HOW TO COMPLETE THIS TASK:
What you should give back is a precise copy of the lines below from the one containing "Used Istanbul Agop" through the one containing "AMRITSAR, INDIA - APRIL", with no pictures.

*** Opening DATA FOR ANALYSIS ***

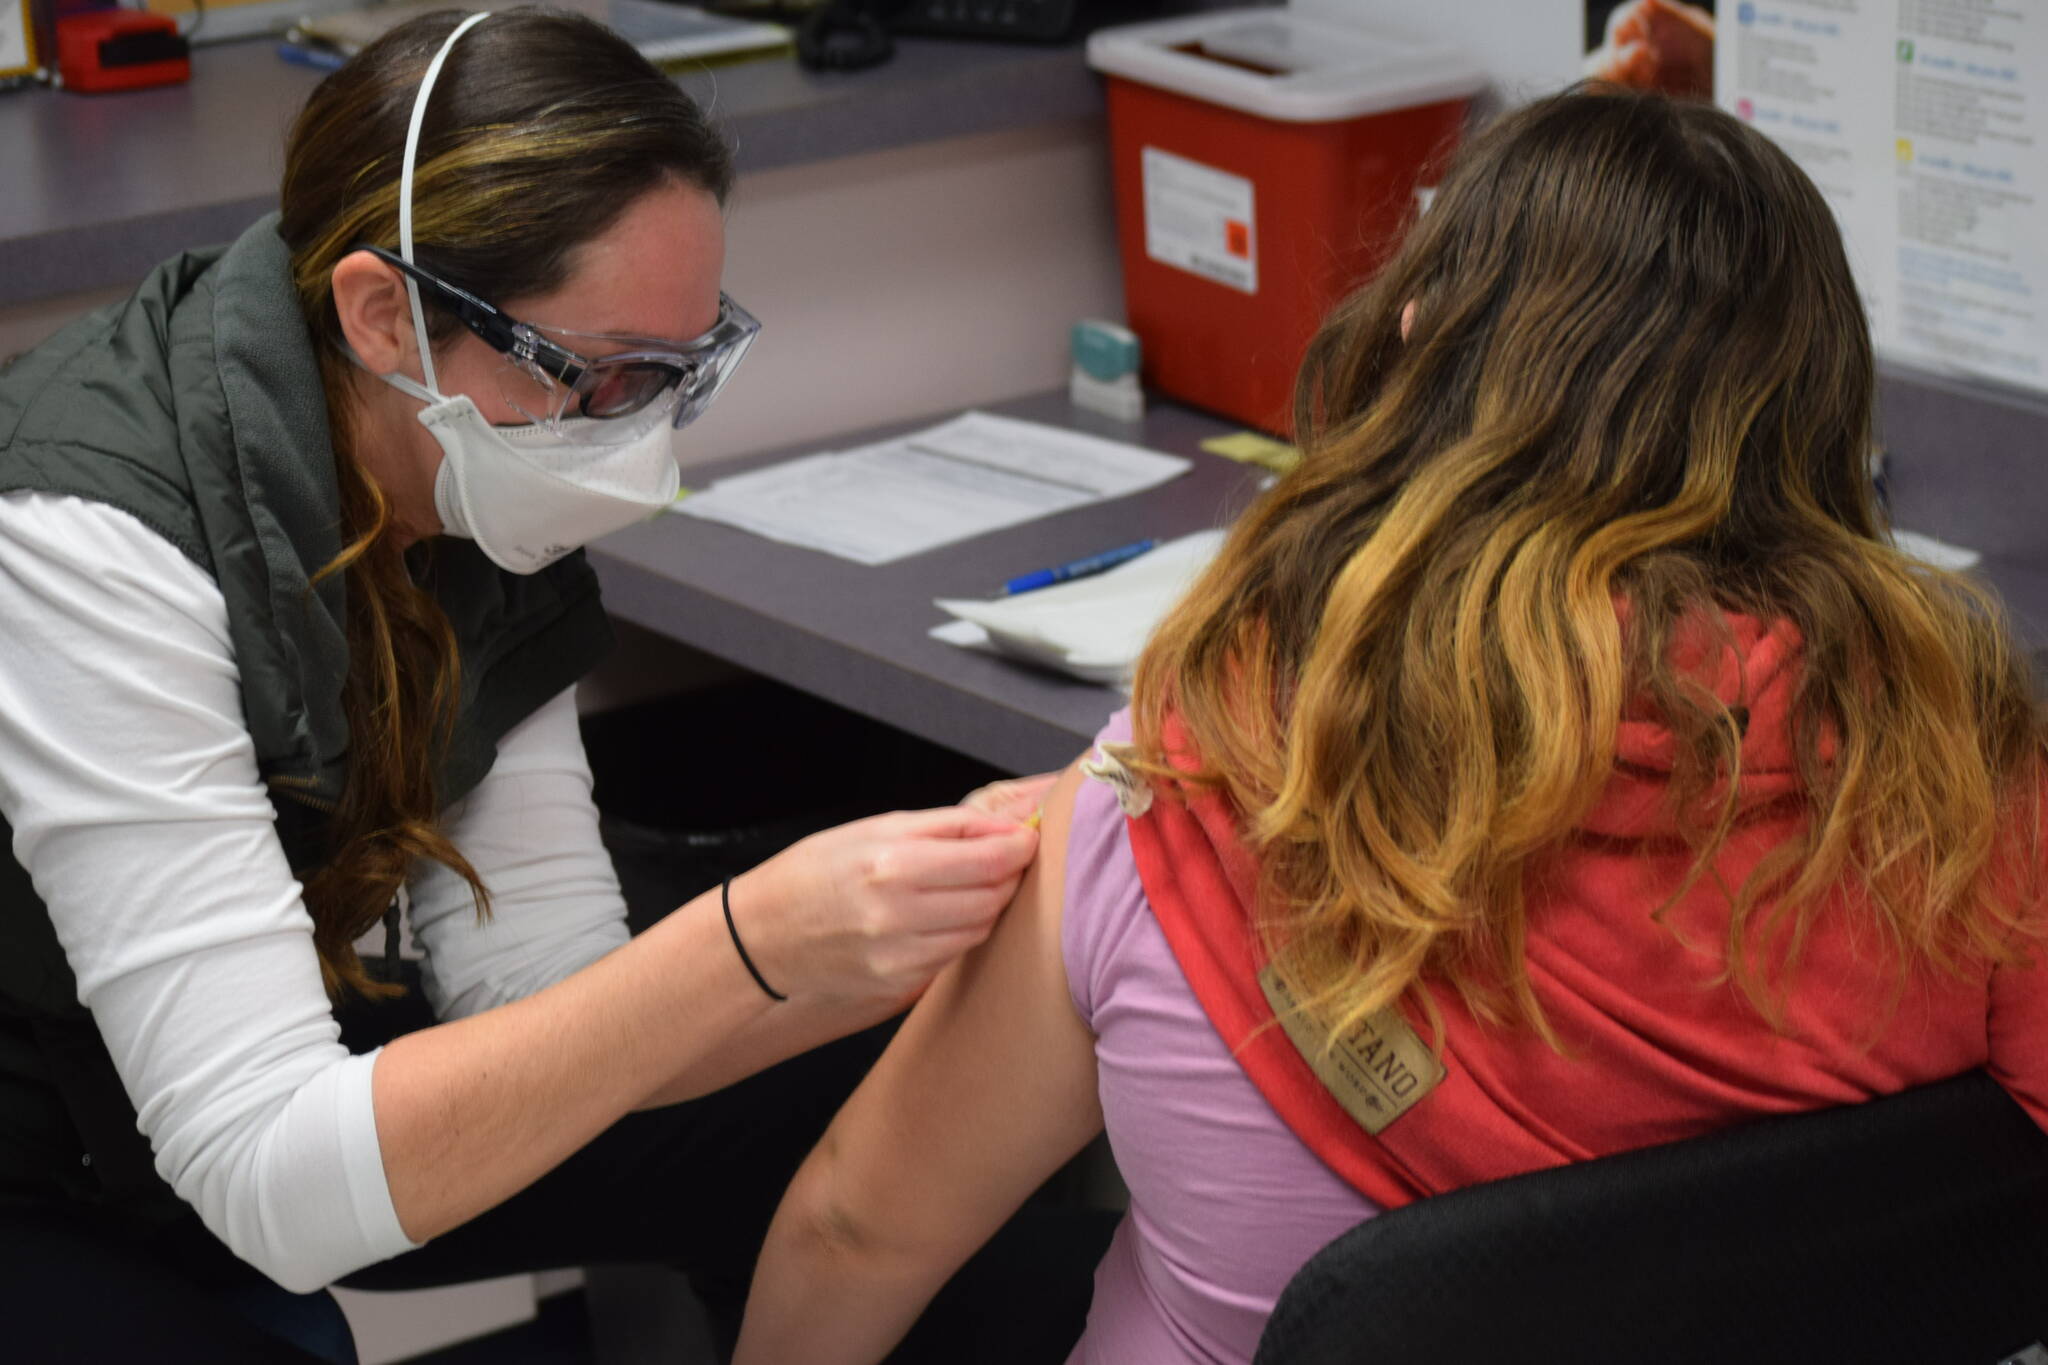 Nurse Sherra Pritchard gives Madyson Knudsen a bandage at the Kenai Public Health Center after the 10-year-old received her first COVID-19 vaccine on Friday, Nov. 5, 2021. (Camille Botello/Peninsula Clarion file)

*** Closing DATA FOR ANALYSIS ***
*** Opening DATA FOR ANALYSIS ***

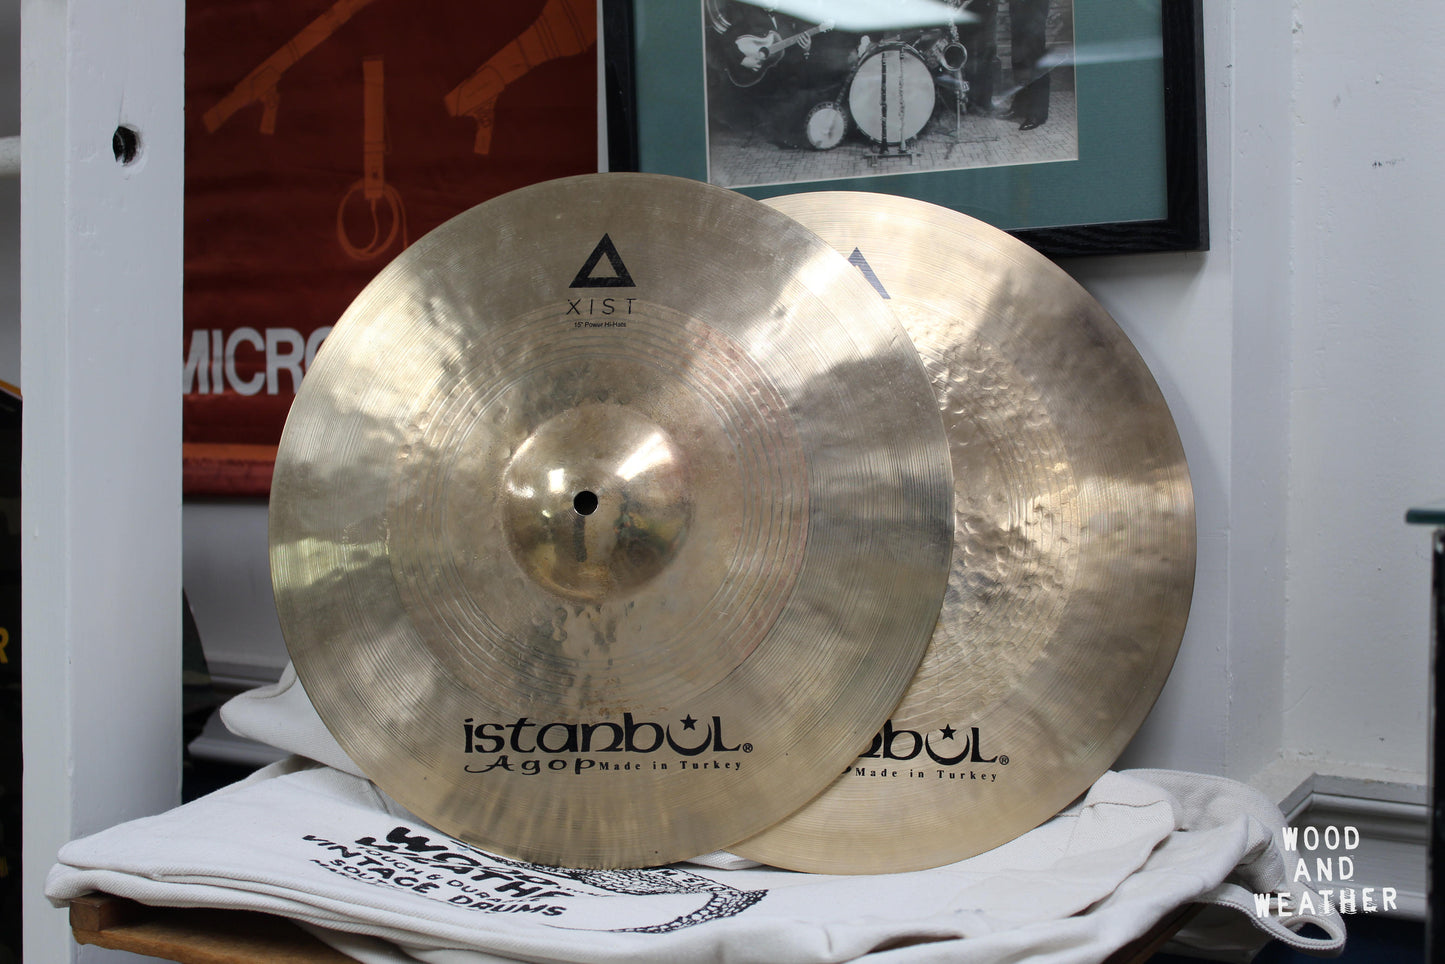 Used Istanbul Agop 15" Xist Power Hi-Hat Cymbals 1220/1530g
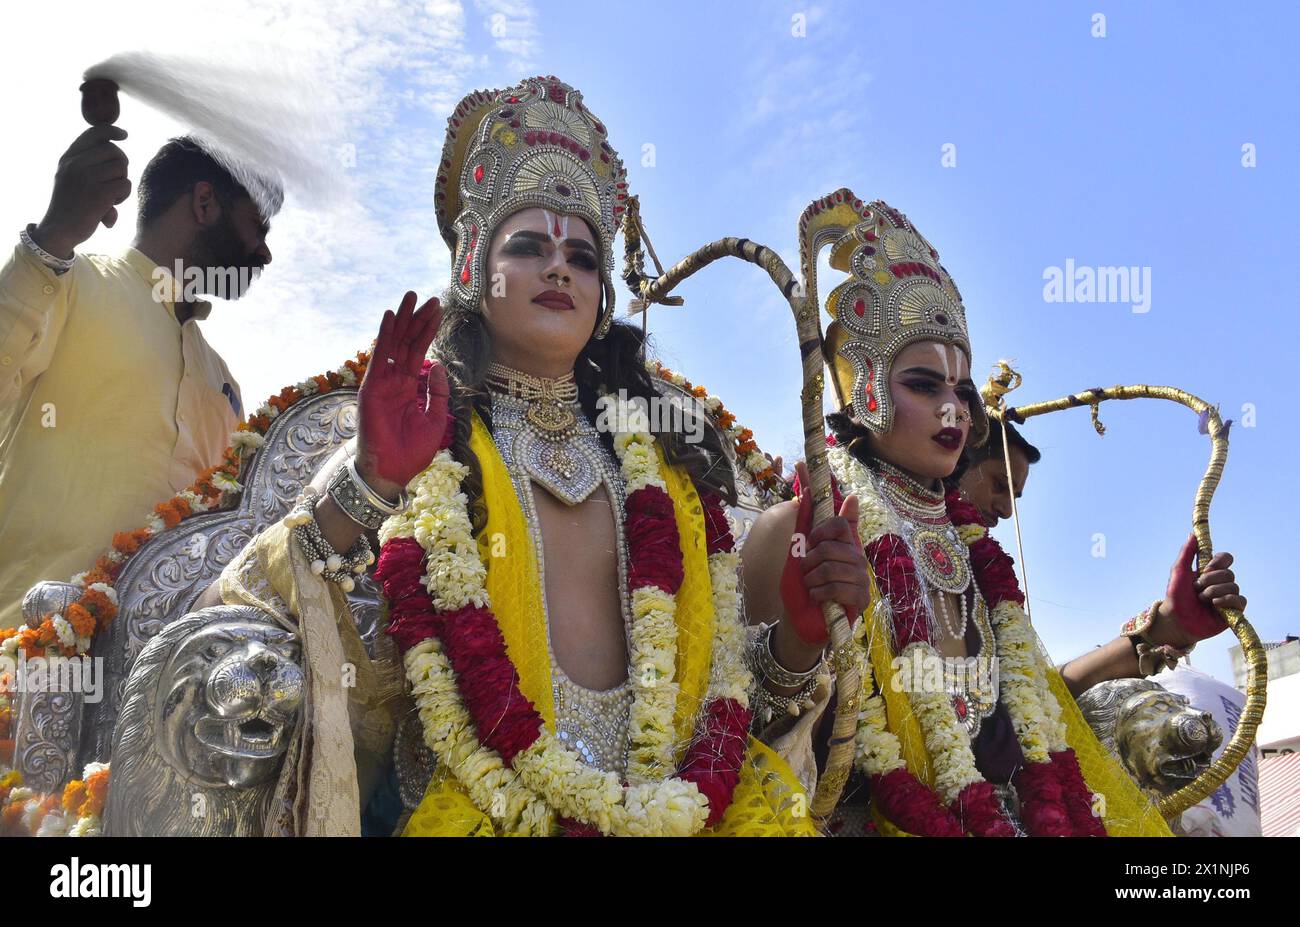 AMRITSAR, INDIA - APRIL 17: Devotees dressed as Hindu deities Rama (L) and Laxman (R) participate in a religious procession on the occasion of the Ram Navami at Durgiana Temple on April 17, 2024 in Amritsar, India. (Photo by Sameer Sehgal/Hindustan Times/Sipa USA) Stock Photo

*** Closing DATA FOR ANALYSIS ***

EXERCISE ANSWER:
 Used Istanbul Agop 15" Xist Power Hi-Hat Cymbals 1220/1530g
 AMRITSAR, INDIA - APRIL 17: Devotees dressed as Hindu deities Rama (L) and Laxman (R) participate in a religious procession on the occasion of the Ram Navami at Durgiana Temple on April 17, 2024 in Amritsar, India. (Photo by Sameer Sehgal/Hindustan Times/Sipa USA) Stock Photo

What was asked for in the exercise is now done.